22 czerwca 2015, 12:43 Alert

(Cedigaz/Teresa Wójcik)

Tankowiec LNG firmy Qatargas

Cedigaz informuje o zmianach na rynku gazu skroplonego na świecie. Na rynku azjatyckim w 2014 r. obserwowany był wzrost popytu na LNG i spadek popytu w Europie. Odpowiednio do tego kształtowały się odmiennie ceny – na rynkach Azji znacznie korzystniejsze niż w poprzednich latach. W 2015 r. na podstawie danych z pierwszego kwartału eksperci wnioskują, że dynamika cen LNG na dwóch największych rynkach światowych jest inna. Presja wzrostowa w Azji spada z powodu mniejszego popytu i rosnącej produkcji w basenie Pacyfiku. A także z uwagi na niższe ceny ropy. W rezultacie średnie ceny importowe LNG w Azji spadły zmalała we wszystkich krajach kupujących ten gaz. Znacznie zmniejszyła się też różnica między ceną LNG w Azji i w Europie. Reuters na przykładzie porównania spotowych cen w Japonii i w Wielkiej Brytanii ocenia, że zróżnicowanie tych cen stopniowo maleje.

W innych częściach świata, pojawiają się nowi gracze co jeszcze bardziej komplikuje sytuację na światowym rynku LNG. Rośnie złożoność globalnego rynku LNG. Do importerów dołączył Pakistan, dostarczając 0,2 mln ton LNG do krajów Azji Południowej od marca do maja w b. r. Egipt otrzymał pierwsze dostawy gazu skroplonego z Kataru na początku kwietnia. Pod koniec maja, Jordan przyjął pierwszy ładunek skroplonego gazu z Kataru. W lutym 2015 r. przebudowany terminal Arun w Indonezji otrzymał pierwszy transport od spółki Tangguh.  W drugim kwartale 2015 r. nowe dostawy LNG są spodziewane w krajach importujących gaz skroplony, w tym we Francji, Hiszpanii, Chile, Chinach, Japonii i Korei Południowej. W Polsce projekt terminala LNG jest opóźniony i pierwsze transporty handlowe nie są spodziewane przed rokiem 2016. Rozpocznie on pracę w okresie sprzyjającego trendu cenowego i rosnącego zainteresowania tym paliwem.
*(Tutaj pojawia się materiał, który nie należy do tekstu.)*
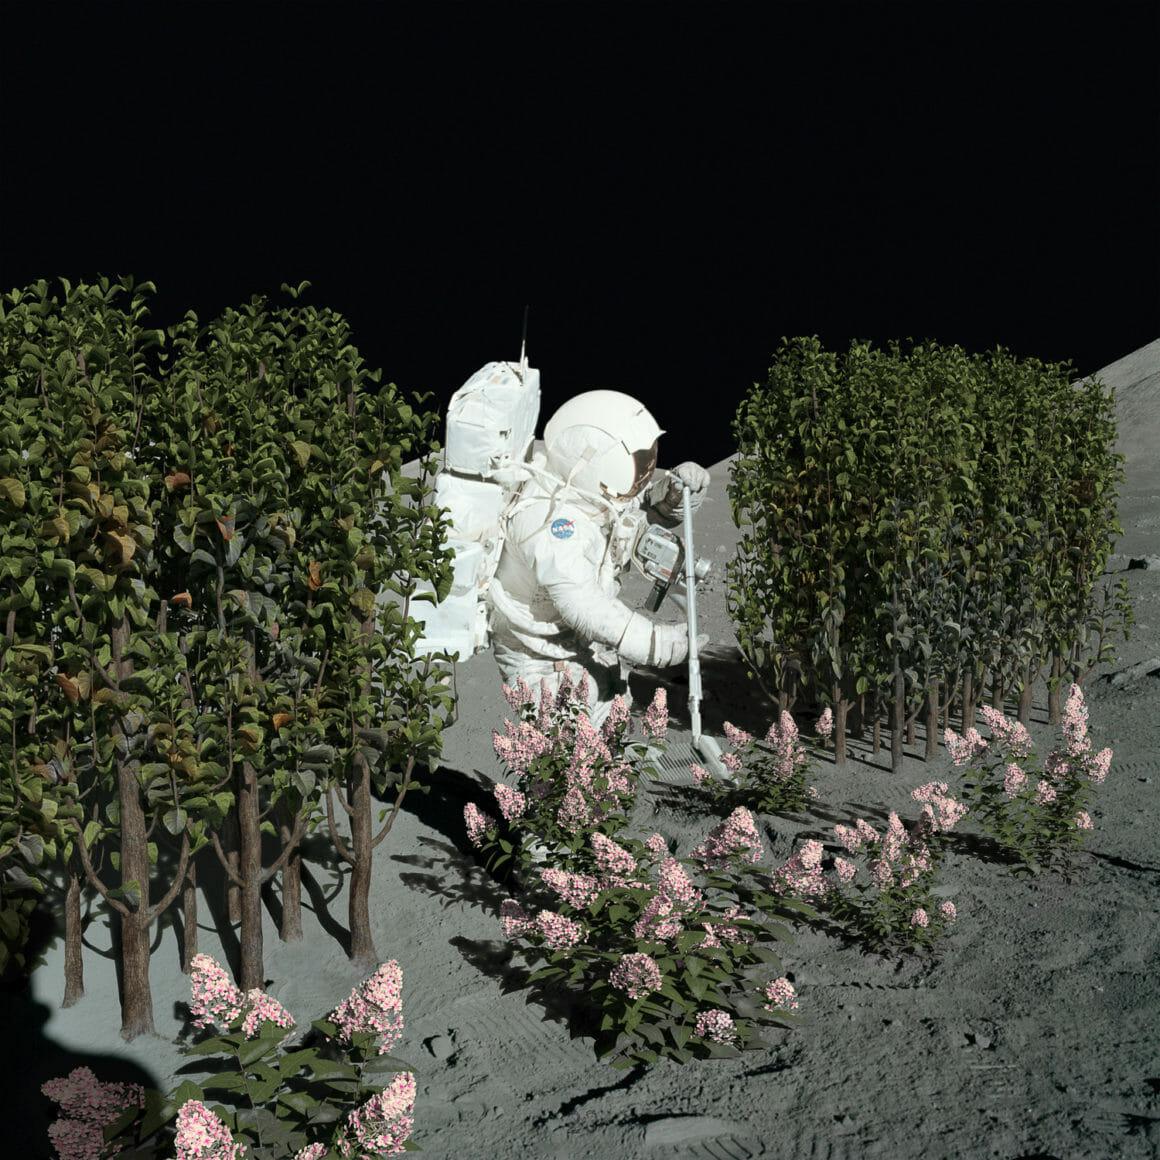 Astronaute qui fait du jardinage sur la lune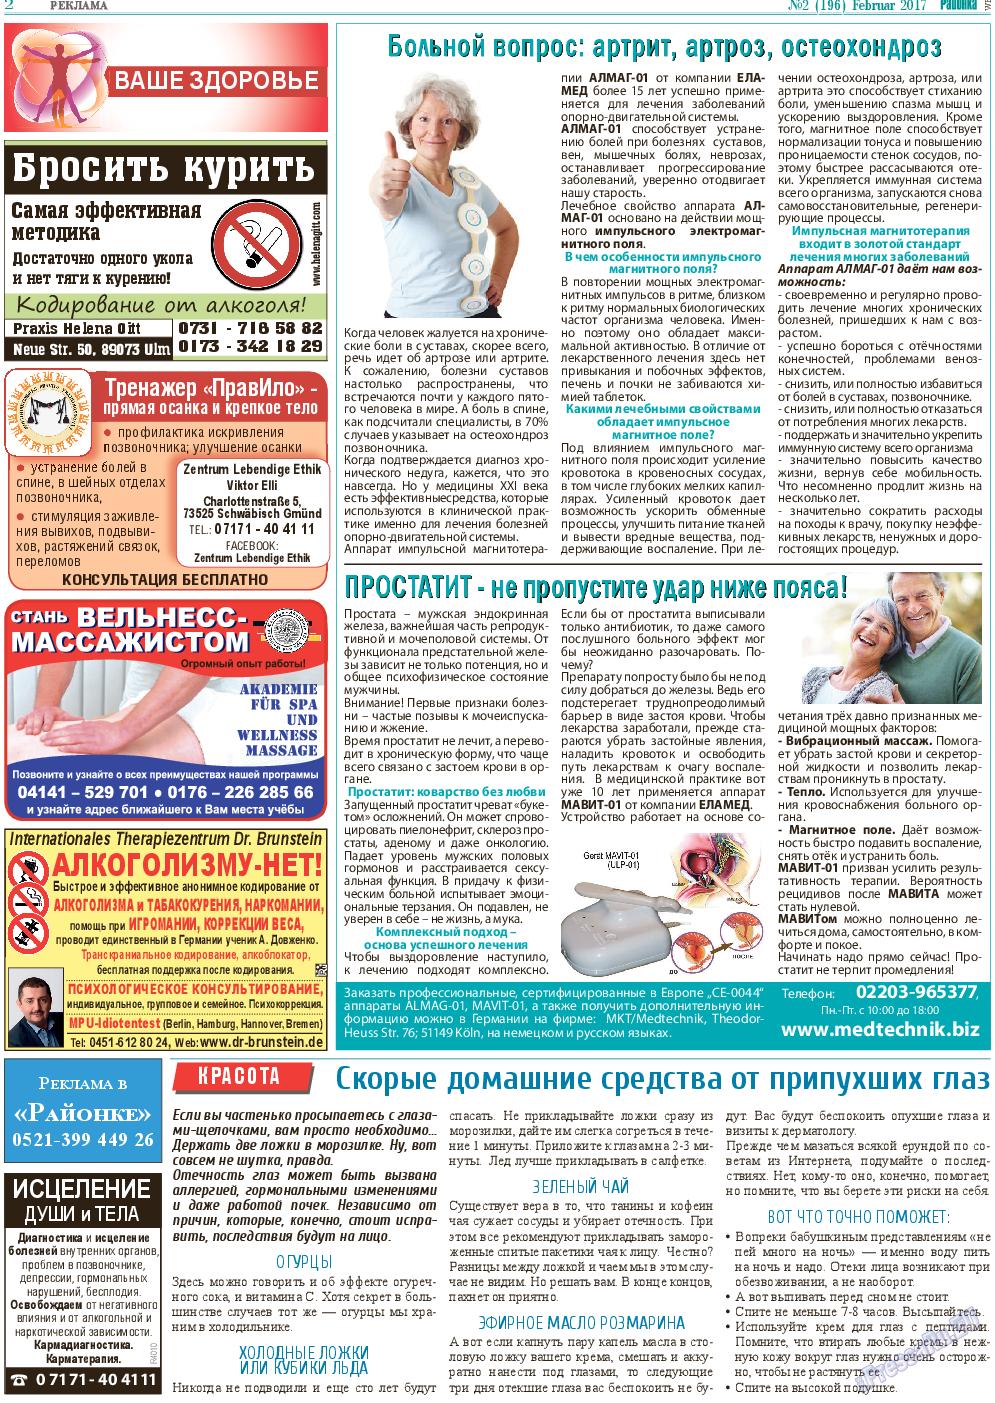 Районка-West (газета). 2017 год, номер 2, стр. 2

Dywersyfikacja importerów będzie rozwijać się w najbliższych latach, analogicznie do pierwszych miesięcy 2015 r. Planują wzrost eksportu LNG Senegal, Ghana i Myanmaru. Tymczasem armatorzy zamawiają z wyprzedzeniem transportowe jednostki morskie, co przyczynia się do rozwoju technologii – stwierdza organizacja zrzeszająca firmy gazowe Cedigaz.